Abstract

Along the western edge of the Denver Basin, the arkosic Pennsylvanian–Permian Fountain Formation exposes hematite-bearing redbeds that have been partially whitened by the passage of reducing paleo-fluids. The fluids migrated mainly parallel to bedding, producing whitening displayed today by about 15% of the exposed surface area of the formation. The relationship between whitening and outcrop-scale stratigraphy suggests that the position of relatively impermeable beds controlled which of the more permeable beds carried the migrating fluids.

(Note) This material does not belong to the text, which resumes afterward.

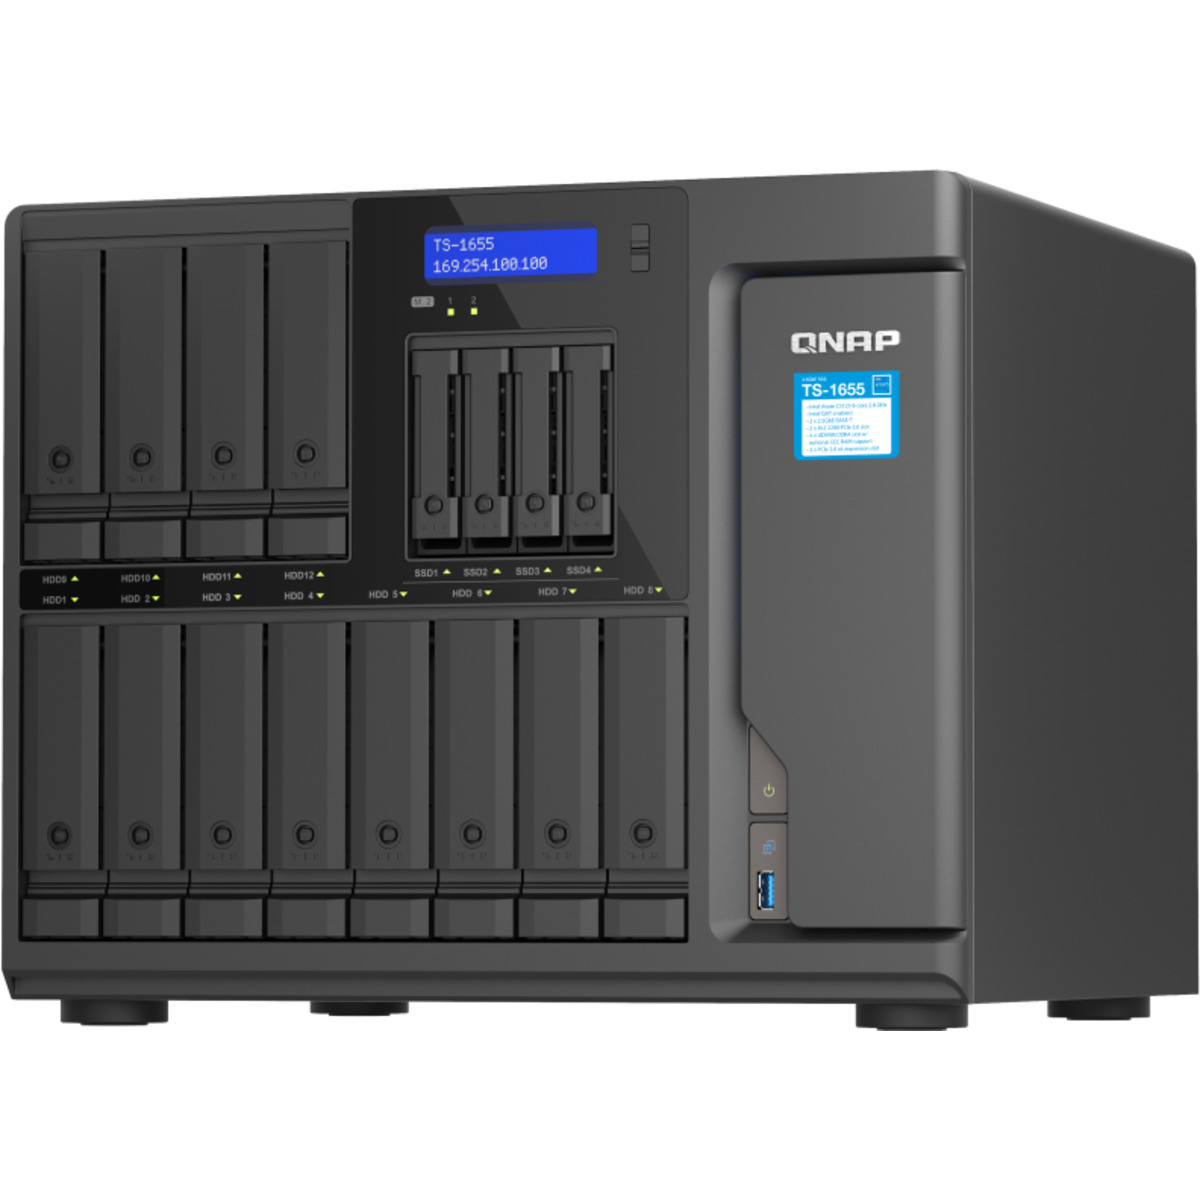 QNAP TS-1655 220tb 12+4-Bay Desktop Multimedia / Power User / Business NAS - Network Attached Storage Device 10x22tb Western Digital Red Pro WD221KFGX 3.5 7200rpm SATA 6Gb/s HDD NAS Class Drives Installed - Burn-In Tested - FREE RAM UPGRADE TS-1655

In the study area the Fountain Formation displays repetitious vertically stacked, fining-upward sequences typically capped by paleosol mudstones. Coarse-grained channel-fill sandstones directly overlying the paleosol mudstones are proportionally the most whitened beds, and hence may have provided the most permeable pathways for the whitening fluid. Fine-grained sandstones immediately beneath the capping mudstones, however, display more whitening than seen in mid-sequence sandstones not in contact with the mudstones. Within a given bed, rock within 30 cm stratigraphically of the paleosol mudstones is considerably more likely to be whitened than is the rest of the bed. This stratigraphic proximity of whitening to the paleosol mudstones suggests that the mudstones served as baffles to fluid flow, causing fluids to focus and migrate laterally along the mudstone boundaries. The importance of the paleosol mudstones in controlling the flow pathways of the whitening fluids suggests that such flow barriers may strongly influence subsurface fluid movements within fluvial sandstone sequences.

Fluorescent dolomite and kaolinite cements in the whitened rocks, coupled with inclusions of oil and bitumen, indicate that hydrocarbons likely contributed to the reducing nature of the fluids that removed the hematite. In the study area, whitening decreases from south to north, as does the proportion of coarse channel sandstones. Whitened rock in the north shows more intense alteration of feldspar than is observed farther south or in adjacent red rock. This greater alteration, which includes replacement by fluorescent kaolinite, suggests that, compared to farther south, the smaller volume of coarse sandstones experienced a higher fluid/rock ratio. Stronger association of fluorescent cements with the increased feldspar alteration in the northern part of the study area also indicates greater fluid flux along the more tightly focused flow pathways.